El kirchnerismo ha aportado una serie de elementos para discutir en lo teórico. Usted ha señalado en él, además de una veta populista, también una liberal, una republicana y una jacobina. ¿Nos podría explicar eso?

Nos pasa con frecuencia que regalamos innecesariamente algunas palabras. Para decirlo de otra manera: aceptamos demasiado rápido que el significado de algunas palabras solo puede ser el que impone su uso hegemónico en cada momento. Y tanto la tradición liberal como la tradición republicana aluden a un conjunto de conceptos que son mucho más ricos que los que solemos identificar hoy con esas palabras. El liberalismo no consiste solamente –y tal vez no consista en absoluto– en el desprecio por las mayorías ni en la arrogancia de las elites. El liberalismo tiene que ver con otras cosas: con el respeto a ciertos derechos fundamentales, con la no persecución de la disidencia política, con garantizar la libertad de expresión de todo el mundo. Y aunque no es habitual presentar al gobierno que hoy tenemos como un gobierno liberal, a mí, francamente, no se me ocurren muchos ejemplos de actitudes más liberales en el ejercicio del poder político que dos o tres actitudes que tuvo este gobierno en los últimos años. Decirle a la policía: señores, ustedes me mantienen el orden, pero van desarmados. Eso es notable, y no lo había hecho antes ninguno de los gobiernos de los partidos que hoy le reprochan al kirchnerismo no ser suficientemente liberal: lo hizo el kirchnerismo, y es algo que corresponde ubicar en la gran tradición liberal, no en la populista, ni siquiera en la democrática. Y, sin duda, la preservación de la integridad de quienes manifiestan es un valor fundamental. Como es perfectamente liberal la eliminación de la figura de las calumnias y de las injurias dentro del mapa de las posibilidades de censura estatal de la libertad de expresión en el país. Me parece que ahí hay componentes que pertenecen a esa tradición liberal. Como hay componentes del kirchnerismo que pertenecen a la tradición republicana. También la palabra república ha sido muy bastardeada, utilizada con mucha ligereza...
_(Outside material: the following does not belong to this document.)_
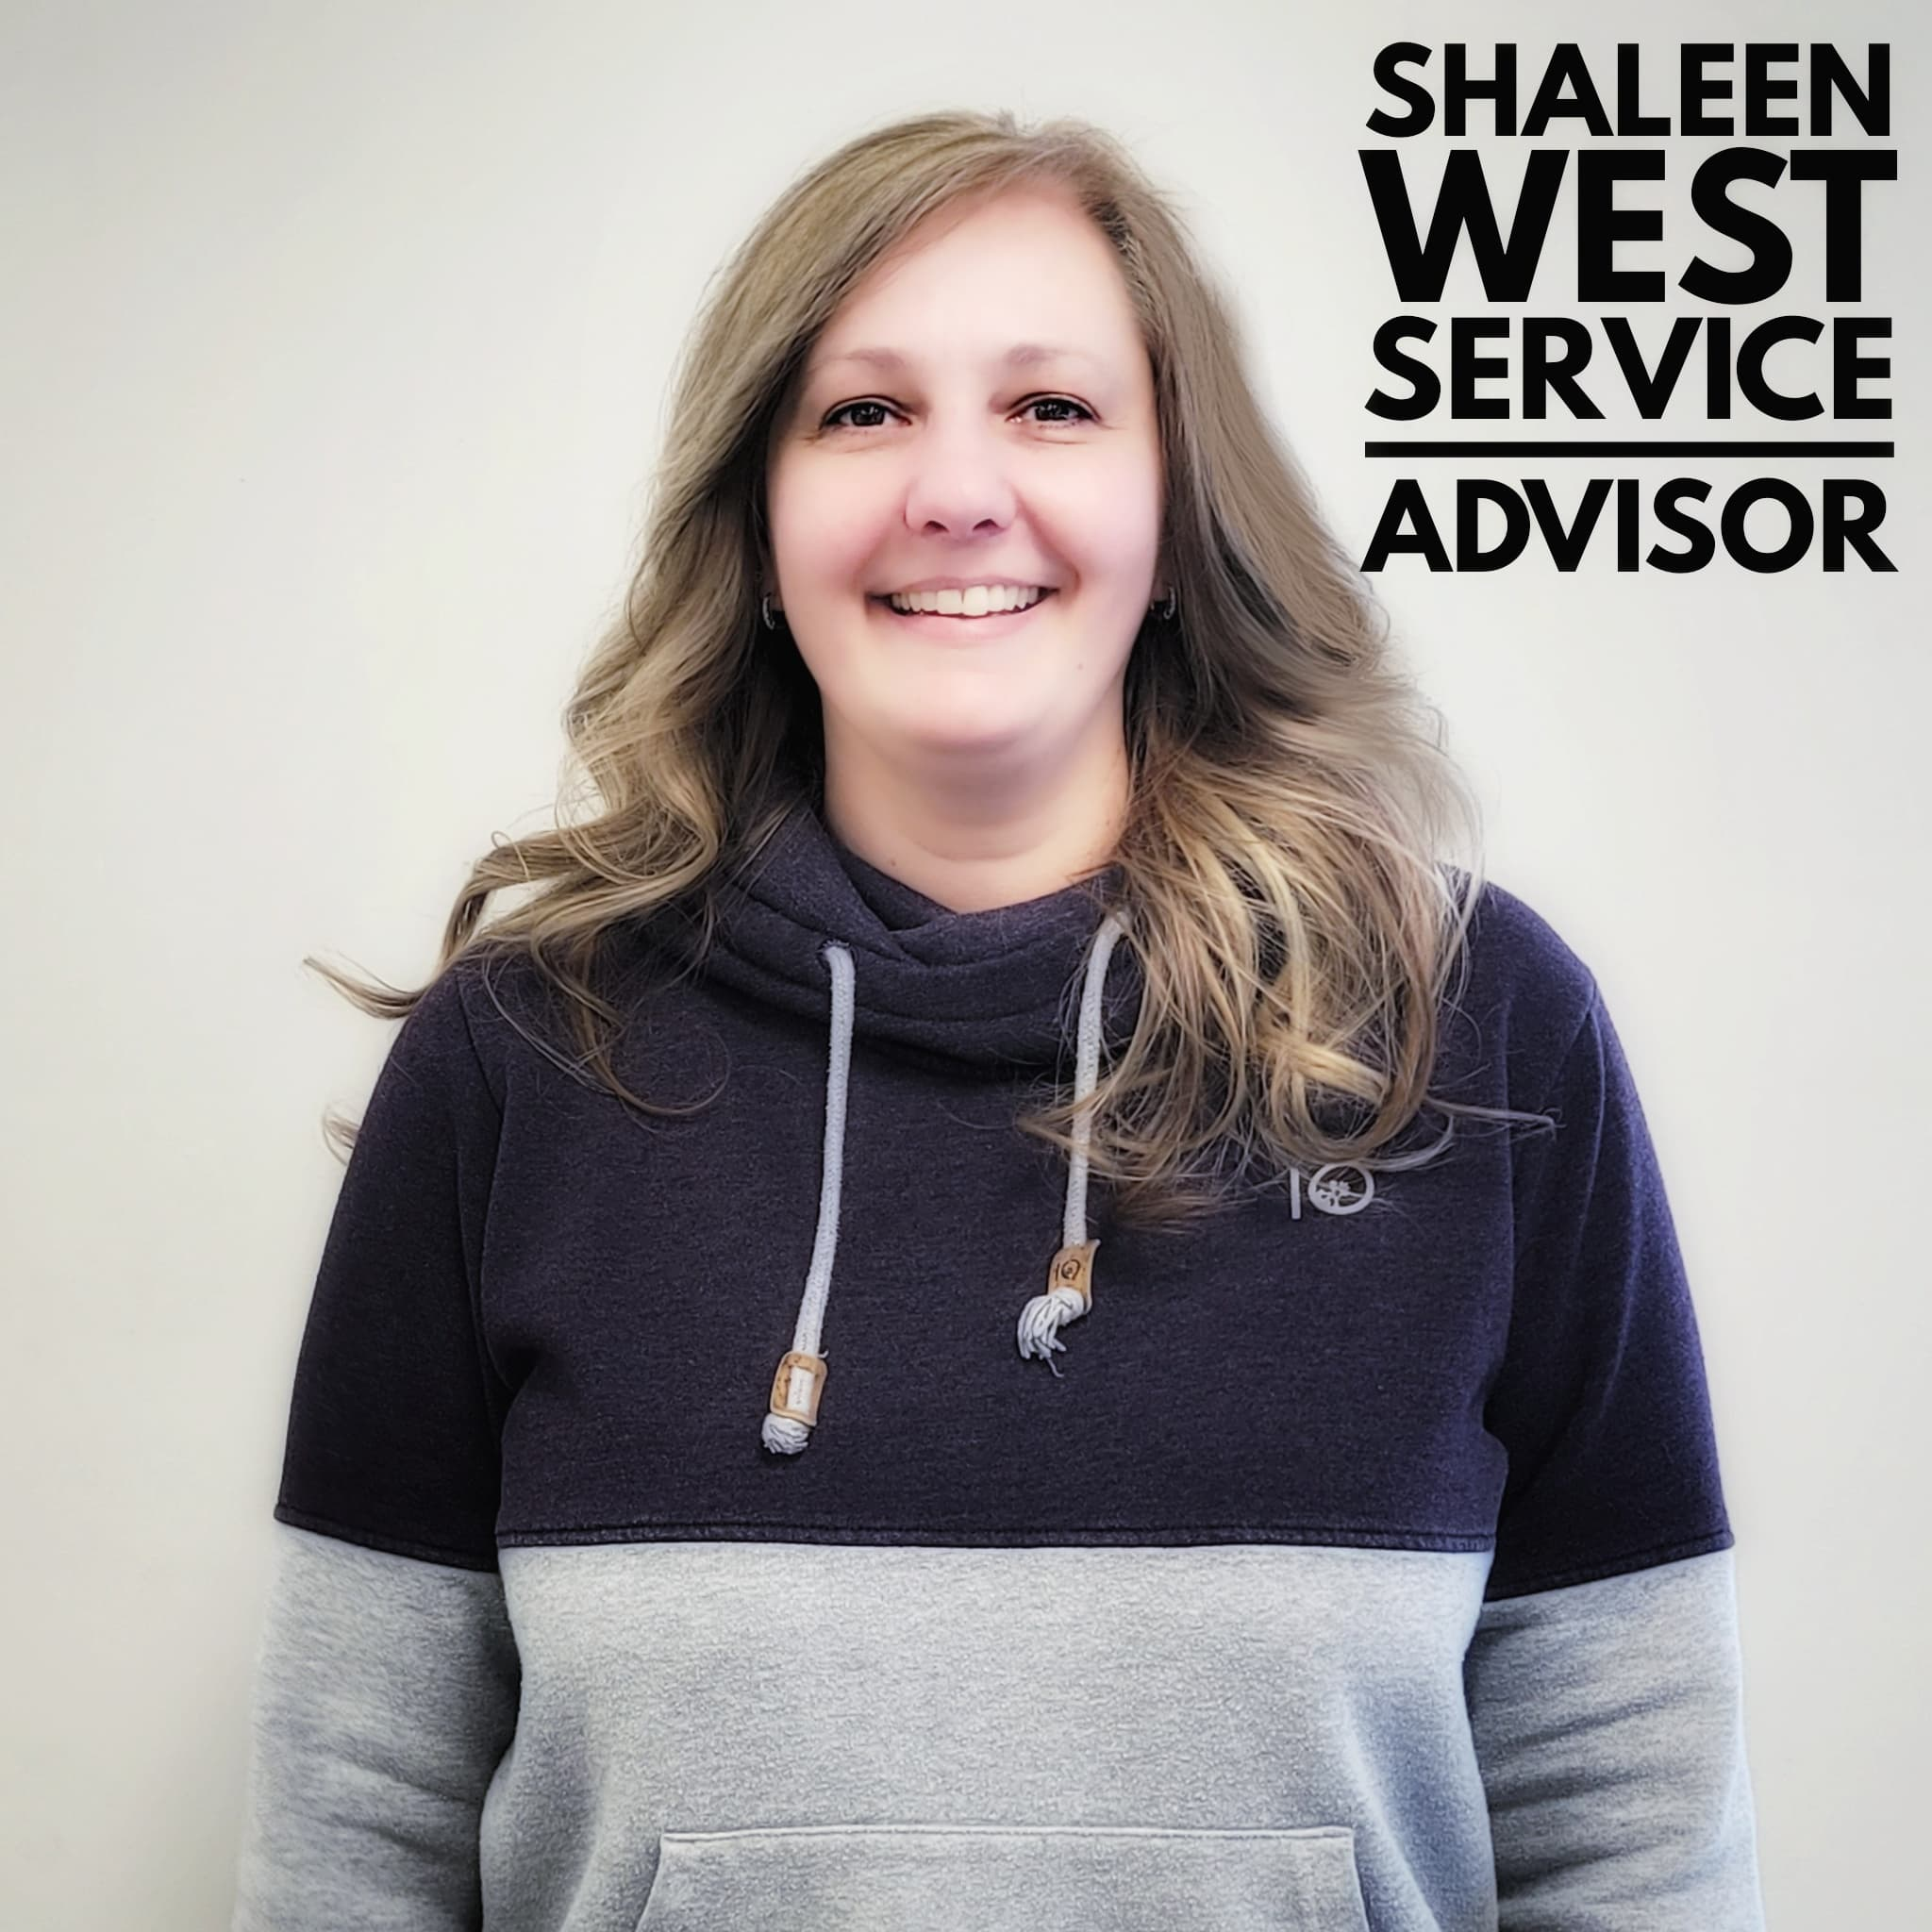 Shaleen West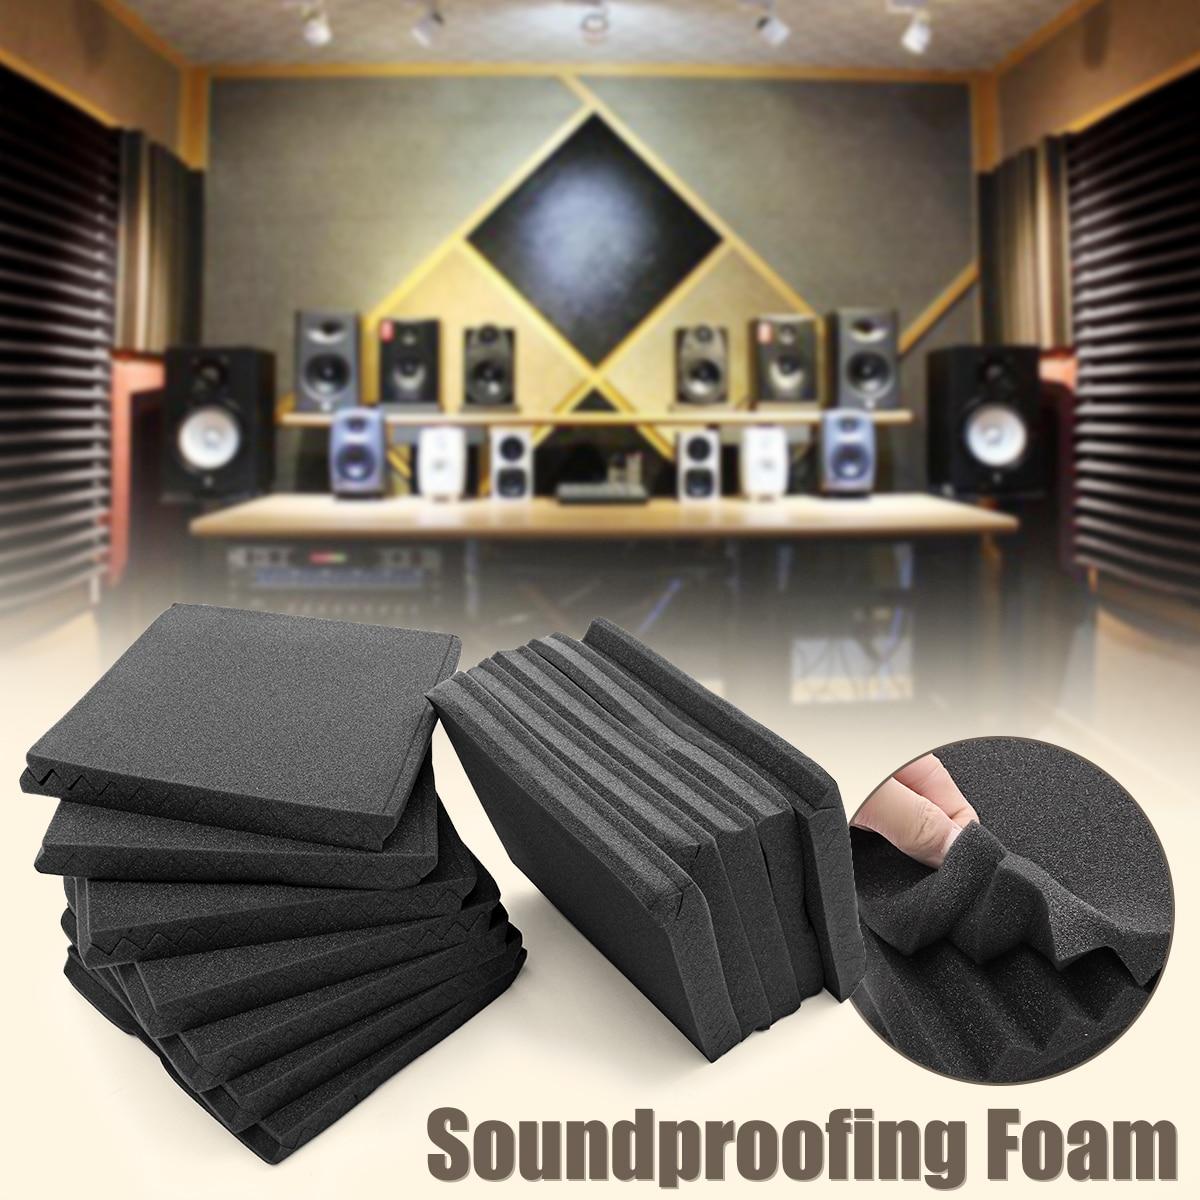 24Pcs 30x30cm Soundproofing Foam Acoustic Foam Sound Treatment Studio Room Noise Absorption Wedge Tiles Polyurethane Foam 12x soundproofing foam acoustic absording treatment foams home wall car wedge tiles studio foam ktv studio noise sponge foam us

Se la podría vincular a Aristóteles, Cicerón, Hegel o Maquiavelo.

Por ejemplo: claro. Identificar el concepto de “república” con lo que han hecho de ella los publicistas de Clarín, habiendo antecedentes tanto más interesantes, es en todo caso un desperdicio. Es cierto que la palabra “república” ha sido usada a través de los siglos en muchos sentidos diferentes. A veces hasta contrapuestos. Se la ha utilizado para decir todo tipo de cosas. Pero hay dos o tres que son sin duda fundamentales, y que habría que recuperar. Una: la tradición republicana, la idea de república, supone el reconocimiento de que la cosa pública (la res publica) es un campo común. Dos: el reconocimiento de que ese campo común no deja de ser –sin dejar por eso de ser común– un campo de batalla, de conflictividad. Eso está en la gran tradición republicana, desde Aristóteles y Cicerón hasta Maquiavelo, Hegel y el joven Marx. La gran tradición republicana siempre reconoció esos dos hechos: que hay una cosa pública que hay que defender y que esa defensa es peliaguda. Y otro componente fuerte de esa tradición es su condición estatista. Ni para Aristóteles ni para Hegel ni para ningún republicano de la gran tradición que a mí me interesa reponer el Estado está del lado malo de la historia. Distinto es el asunto para Marx, que irá descubriendo en forma progresiva, a lo largo de esos textos extraordinarios que escribe como loco en la primera mitad de los años 40, que el Estado está al servicio de la reproducción de cierta estructura social injusta. Esto por supuesto hay que recordarlo hoy también (no vamos a hacernos hegelianos pre-marxistas a esta altura del partido), pero no para suponer ingenuamente que del otro lado del Estado está la libertad, sino para pensar el problema del Estado con toda la complejidad que tiene.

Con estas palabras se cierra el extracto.